Among the entries below, please show each line that carries the word "Background".

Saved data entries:

/---

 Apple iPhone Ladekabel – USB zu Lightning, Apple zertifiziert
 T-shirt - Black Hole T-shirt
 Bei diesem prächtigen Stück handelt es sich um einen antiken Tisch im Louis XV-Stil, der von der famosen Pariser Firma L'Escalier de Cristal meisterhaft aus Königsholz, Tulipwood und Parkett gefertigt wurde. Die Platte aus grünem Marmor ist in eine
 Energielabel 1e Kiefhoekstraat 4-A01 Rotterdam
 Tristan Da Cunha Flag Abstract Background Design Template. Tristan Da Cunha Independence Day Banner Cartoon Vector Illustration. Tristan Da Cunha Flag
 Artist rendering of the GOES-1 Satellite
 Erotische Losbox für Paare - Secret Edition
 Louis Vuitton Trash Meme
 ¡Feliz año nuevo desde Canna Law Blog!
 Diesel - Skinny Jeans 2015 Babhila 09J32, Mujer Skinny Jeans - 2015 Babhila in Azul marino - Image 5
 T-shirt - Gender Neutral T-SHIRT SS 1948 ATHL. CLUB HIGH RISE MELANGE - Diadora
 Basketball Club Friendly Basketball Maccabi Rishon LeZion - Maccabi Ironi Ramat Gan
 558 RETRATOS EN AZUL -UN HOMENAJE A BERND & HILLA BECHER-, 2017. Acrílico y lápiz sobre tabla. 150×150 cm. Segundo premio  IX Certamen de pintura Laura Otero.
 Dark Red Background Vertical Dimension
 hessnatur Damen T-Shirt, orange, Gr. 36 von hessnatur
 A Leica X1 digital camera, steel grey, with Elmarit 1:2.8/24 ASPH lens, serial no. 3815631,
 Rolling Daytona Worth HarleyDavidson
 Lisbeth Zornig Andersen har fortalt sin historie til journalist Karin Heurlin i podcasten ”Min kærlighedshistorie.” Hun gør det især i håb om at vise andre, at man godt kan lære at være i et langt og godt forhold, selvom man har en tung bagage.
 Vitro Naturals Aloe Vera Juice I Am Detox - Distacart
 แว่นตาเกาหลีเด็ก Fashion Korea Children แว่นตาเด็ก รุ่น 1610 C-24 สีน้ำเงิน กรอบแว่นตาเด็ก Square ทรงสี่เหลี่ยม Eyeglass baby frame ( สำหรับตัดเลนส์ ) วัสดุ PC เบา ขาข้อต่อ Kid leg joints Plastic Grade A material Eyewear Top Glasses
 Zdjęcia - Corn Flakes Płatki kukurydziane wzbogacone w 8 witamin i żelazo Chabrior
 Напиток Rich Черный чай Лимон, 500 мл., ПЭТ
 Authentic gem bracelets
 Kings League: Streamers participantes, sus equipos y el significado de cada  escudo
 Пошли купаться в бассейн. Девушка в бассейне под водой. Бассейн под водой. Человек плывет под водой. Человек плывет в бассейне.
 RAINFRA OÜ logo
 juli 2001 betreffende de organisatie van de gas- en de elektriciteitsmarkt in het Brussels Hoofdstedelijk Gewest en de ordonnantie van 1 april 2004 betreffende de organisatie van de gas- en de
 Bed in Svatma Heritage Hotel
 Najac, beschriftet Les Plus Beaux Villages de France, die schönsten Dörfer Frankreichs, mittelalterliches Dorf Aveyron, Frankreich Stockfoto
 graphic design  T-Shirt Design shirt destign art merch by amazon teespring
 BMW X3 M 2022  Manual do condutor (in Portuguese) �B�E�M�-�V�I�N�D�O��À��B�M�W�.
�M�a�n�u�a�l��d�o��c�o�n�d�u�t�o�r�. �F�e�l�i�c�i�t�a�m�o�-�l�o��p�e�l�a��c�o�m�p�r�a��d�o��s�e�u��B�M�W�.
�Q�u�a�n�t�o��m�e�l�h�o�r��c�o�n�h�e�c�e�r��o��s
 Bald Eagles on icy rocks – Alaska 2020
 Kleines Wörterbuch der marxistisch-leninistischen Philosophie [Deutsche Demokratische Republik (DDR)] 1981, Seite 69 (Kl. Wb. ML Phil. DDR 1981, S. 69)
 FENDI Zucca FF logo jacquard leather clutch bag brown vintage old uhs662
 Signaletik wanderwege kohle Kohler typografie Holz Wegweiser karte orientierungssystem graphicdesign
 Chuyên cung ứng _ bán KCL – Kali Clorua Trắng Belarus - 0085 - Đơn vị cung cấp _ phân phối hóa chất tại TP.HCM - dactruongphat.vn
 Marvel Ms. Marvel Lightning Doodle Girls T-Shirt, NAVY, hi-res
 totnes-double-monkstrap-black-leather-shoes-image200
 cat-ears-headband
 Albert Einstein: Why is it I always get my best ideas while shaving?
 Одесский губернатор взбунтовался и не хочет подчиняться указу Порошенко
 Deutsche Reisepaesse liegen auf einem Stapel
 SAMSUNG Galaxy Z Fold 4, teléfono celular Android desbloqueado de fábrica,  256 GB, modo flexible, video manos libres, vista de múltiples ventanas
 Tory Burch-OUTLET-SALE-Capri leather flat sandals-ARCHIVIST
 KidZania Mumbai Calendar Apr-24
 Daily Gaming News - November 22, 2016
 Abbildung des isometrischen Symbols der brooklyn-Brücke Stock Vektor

\---

■ Task response:
 Tristan Da Cunha Flag Abstract Background Design Template. Tristan Da Cunha Independence Day Banner Cartoon Vector Illustration. Tristan Da Cunha Flag
 Dark Red Background Vertical Dimension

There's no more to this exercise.